由于已经设置了入口，因此当 Runtime 调用一个函数的时候会首先调用到 InterpreterEntryTrampoline。该 Stub 做了一些函数解释运行的初始化工作，比如设立函数栈帧，并且会根据 SharedFunctionInfo 中 BytecodeArray 中的字节码调用 interpreter dispatch table 中对应的 BytecodeHandler。之后通过自动机形式的执行流程来针对每一个 Bytecode 进行解释执行。

Ignition 是一个基于寄存器形式的解释器。这里的寄存器并非 CPU 上的寄存器，而是为了实现 VM 的基本功能而模拟出来的寄存器，并嵌入 Bytecode 的设计模式中。需要额外说明的是，Ignition 维护了一个隐式寄存器 accumulator，也叫做累加器，其设计目的是为了字节码的轻量化，但无疑增添了设计难度。

Generation of Bytecode Handlers

每一个 Bytecode Handler 都是由 Turbofan 独立生成且作为 code object 存在。而且这些 Handler 的源码均通过 InterpreterAssembler 类( CSA 子类，封装了一些 Ignition 需要用的高级原语 )写成了 Turbofan graph 的形式。例如：

void Interpreter::DoLdar(InterpreterAssembler* assembler) {
  Node* reg_index = __ BytecodeOperandReg(0);
  Node* value = __ LoadRegister(reg_index);
  __ SetAccumulator(value);
  __ Dispatch();
}

值得一提的是，由于这种自动机模式的执行特点，因此在 Handler 的 dispatch 过程中需要保存一些全局变量，例如 bytecode 的 index 信息。为了传递这些信息，他们被设计为存储在固定的寄存器内。

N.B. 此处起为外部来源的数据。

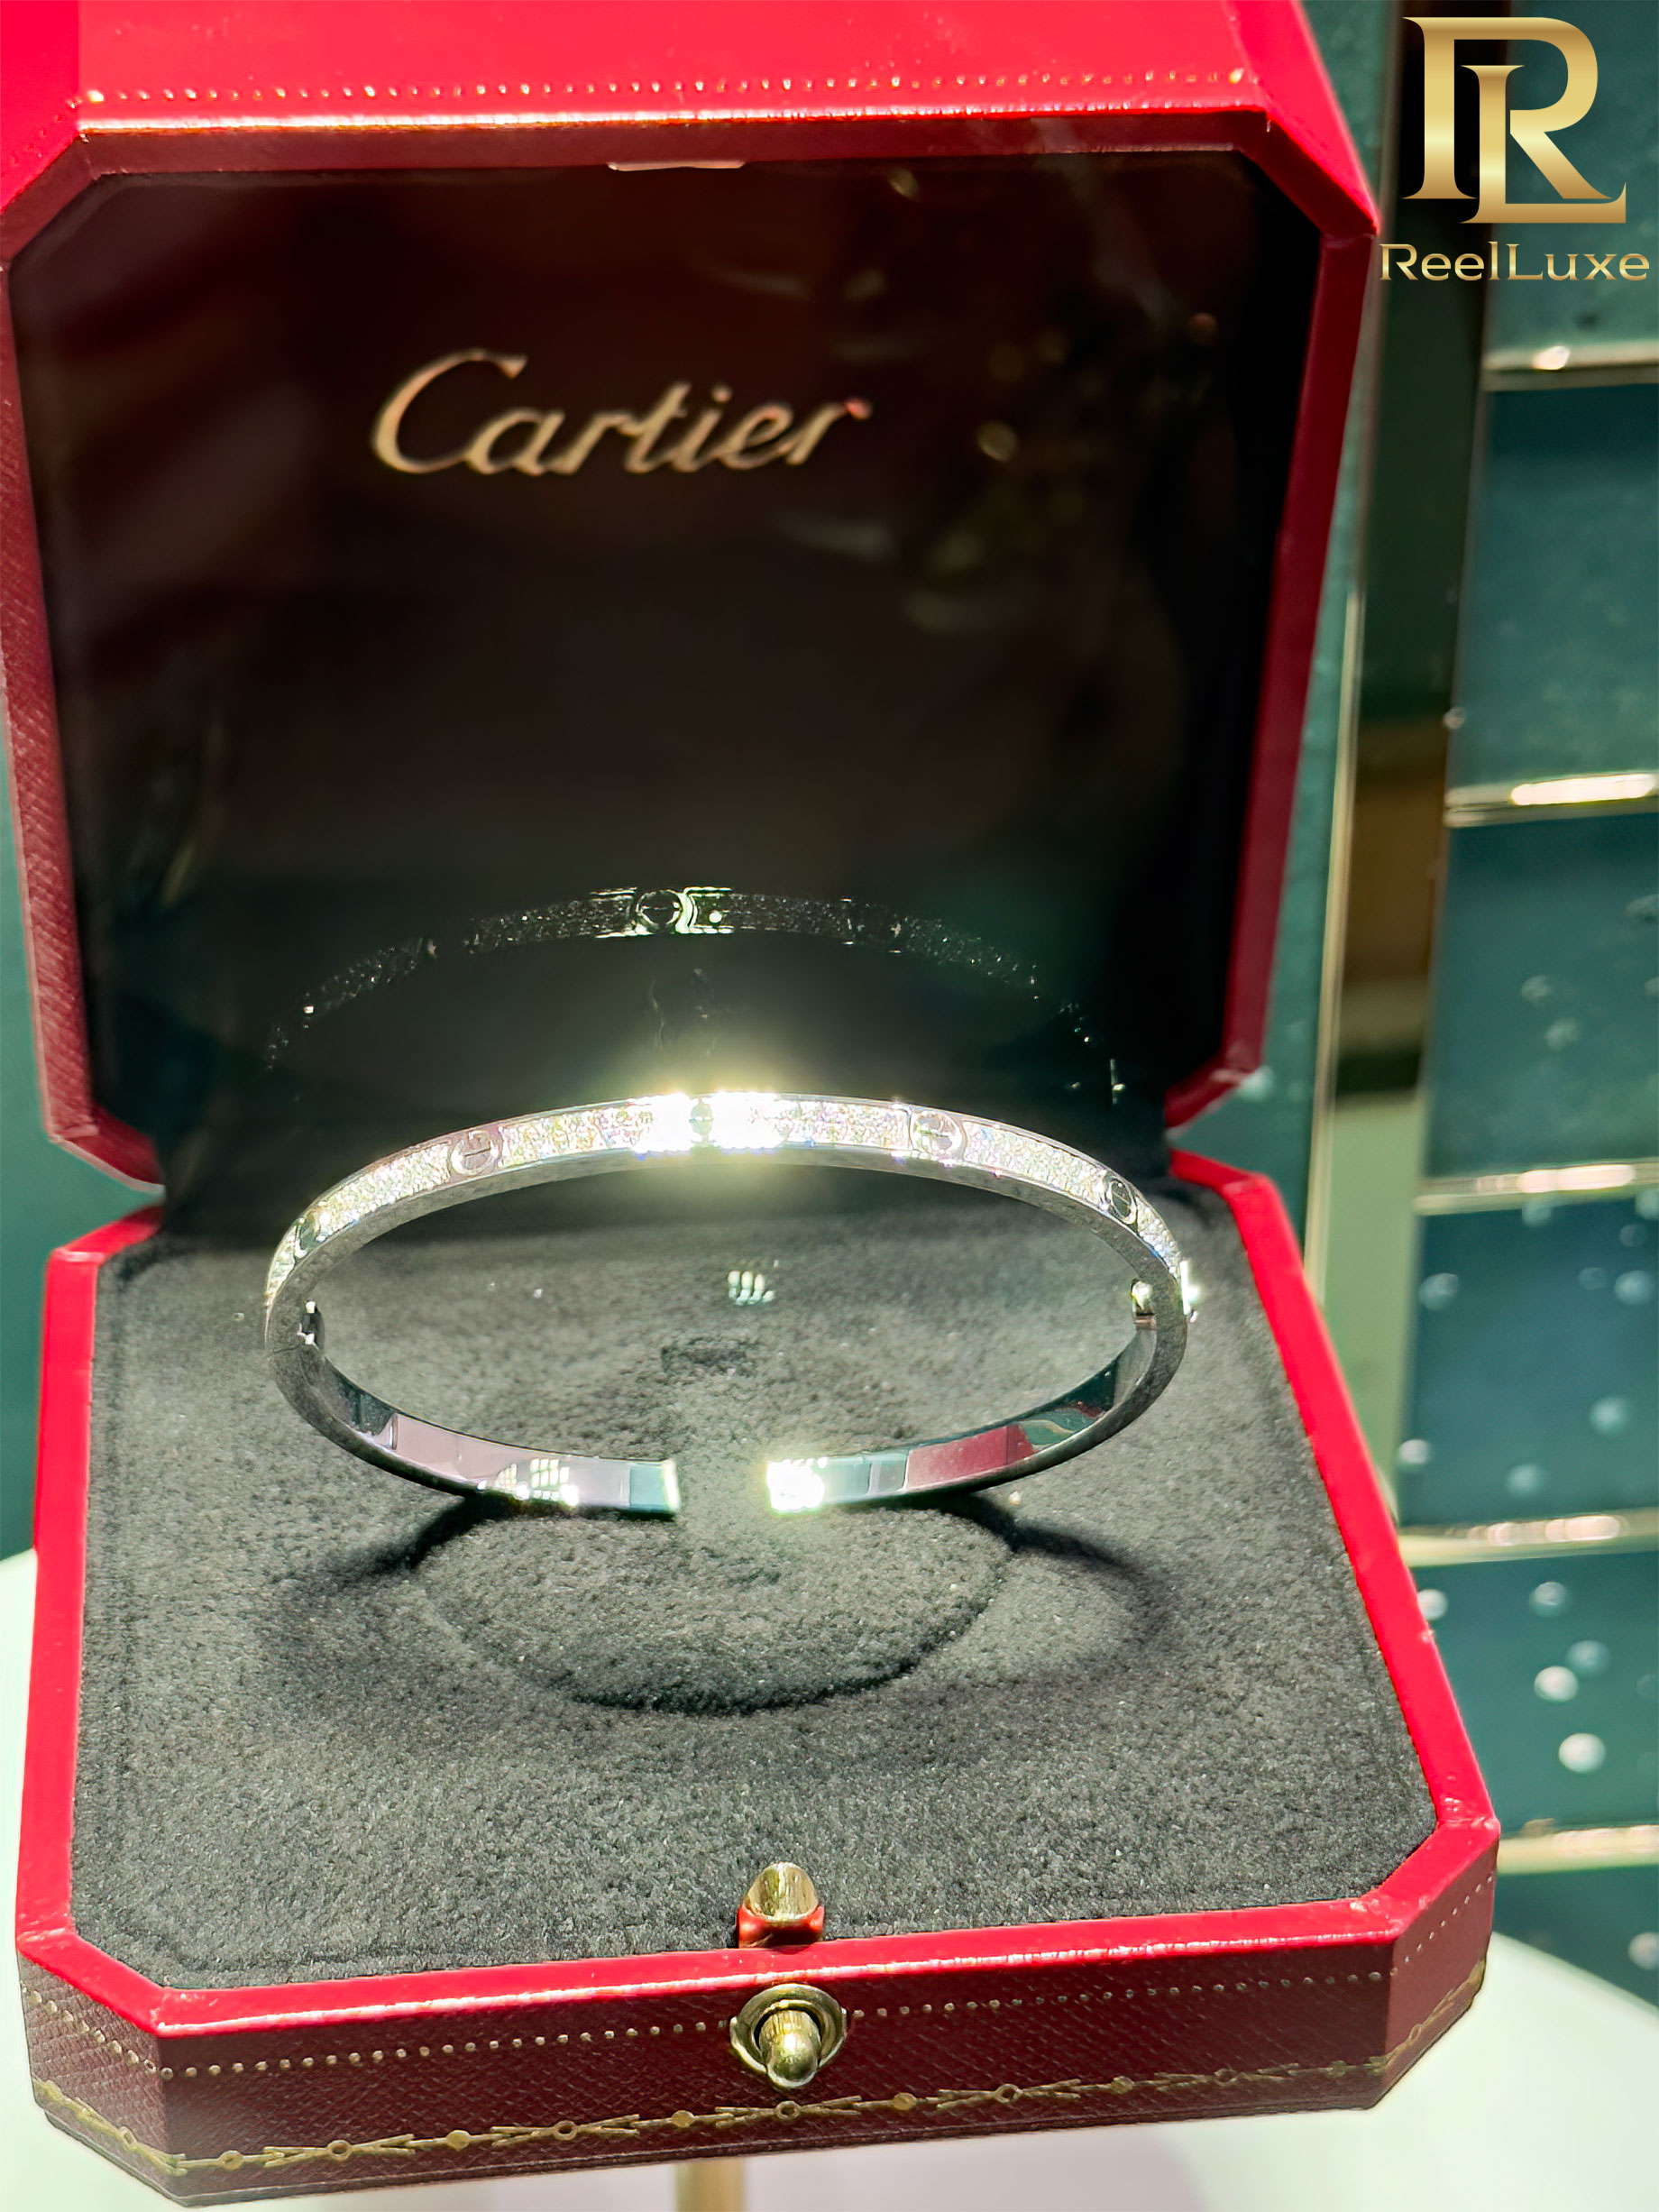 Bracelet LOVE Cartier pavé de diamants, or blanc 18 carats - Boutique Cartier Firenze - Florence, Italie
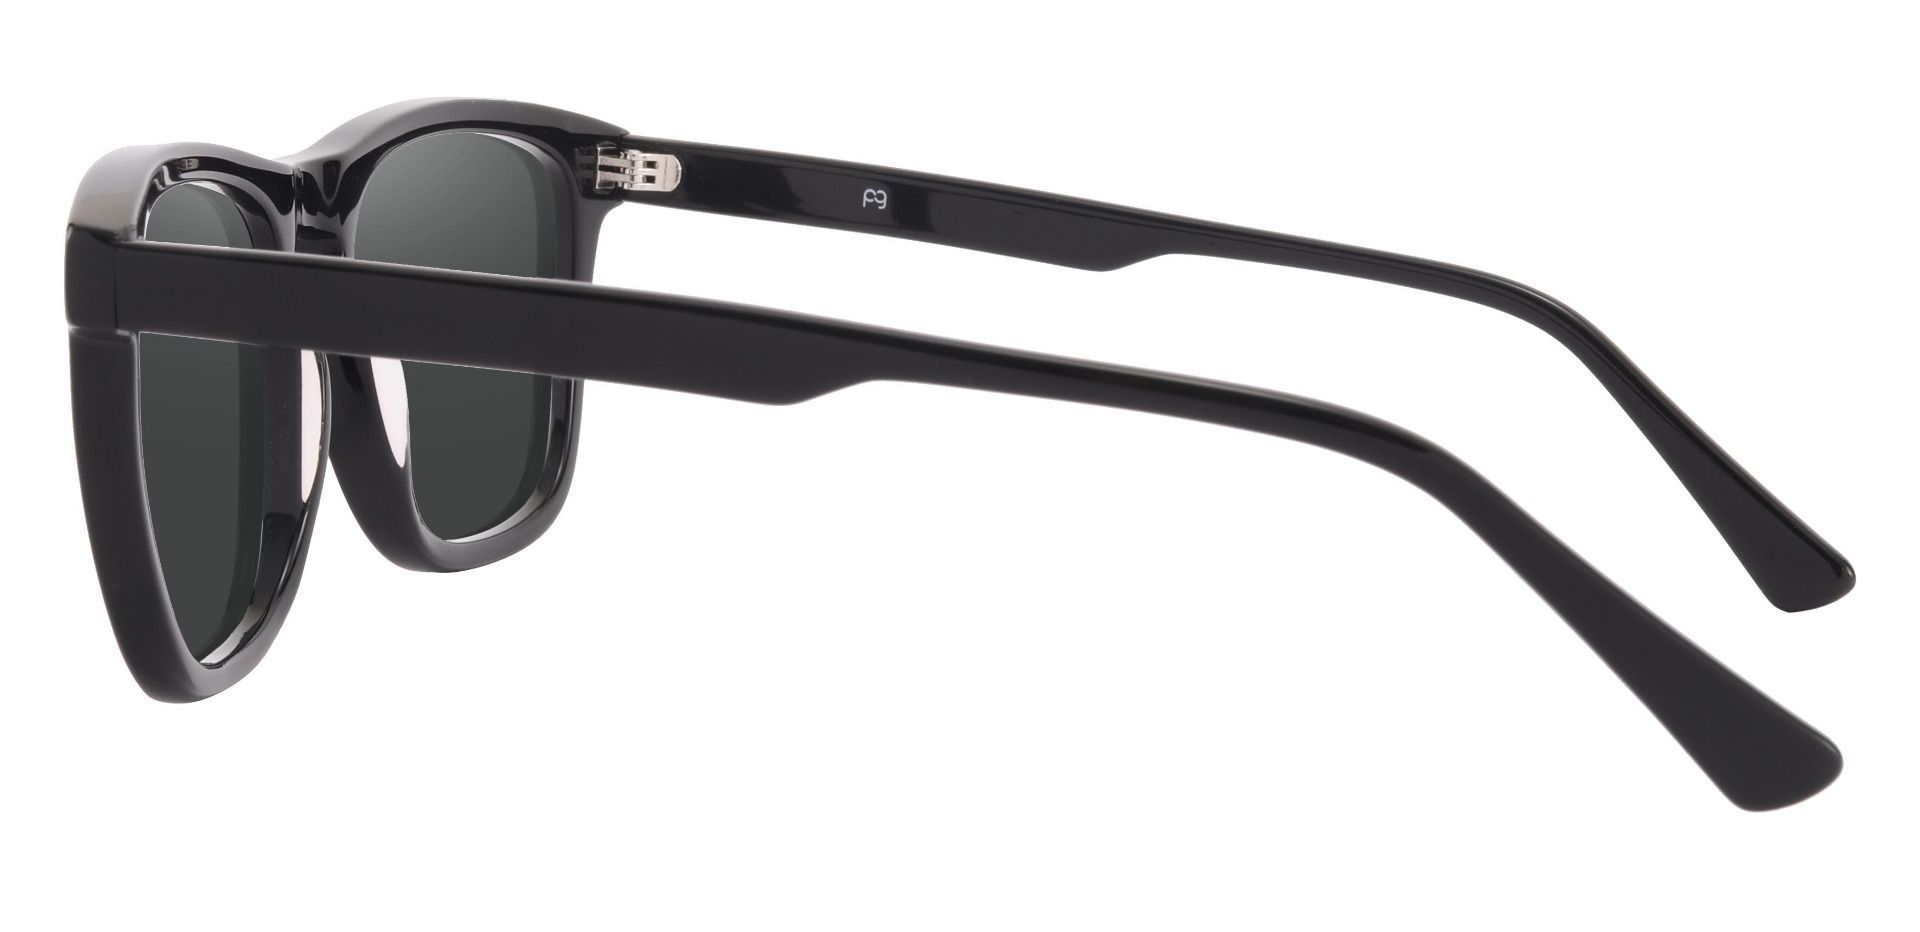 Reno Square Progressive Sunglasses - Black Frame With Gray Lenses

在对应每个 BytecodeHandler 的graph被生成后，他们将会进入 turbofan 的简化版 pipeline。最后分派给 interpreter table 中对应的表项。

Bytecode Generation

让我们回到第一步：如何得到一个函数的 Bytecode？

得到 Bytecode 的常用做法就是遍历 ast，并对每一个 Ast node 进行 codegen。具体来说:

BytecodeGenerator 遍历 ast node
BytecodeGenerator 使用 BytecodeArrayBuilder 来具体生成格式良好的 BytecodeArray

Interpreter Code Execution

由于 Interpreter 是一个基于寄存器的解释器。Ignition的入口点是函数的InterpreterEntryTrampoline , 该 builtin stub 会开辟适当的堆栈帧，并加载预留的机器寄存器(例如，BytecodeArray 指针、interpreter dispatch table 指针)

something important: Property loads / stores

BytecodeArray 通过内联缓存( IC )加载和存储 JS objects 对象的属性值。Interpreter 使用和 Turbofan 一样的 ICs 系统，均直接在 TypeFeedbackVector 上操作。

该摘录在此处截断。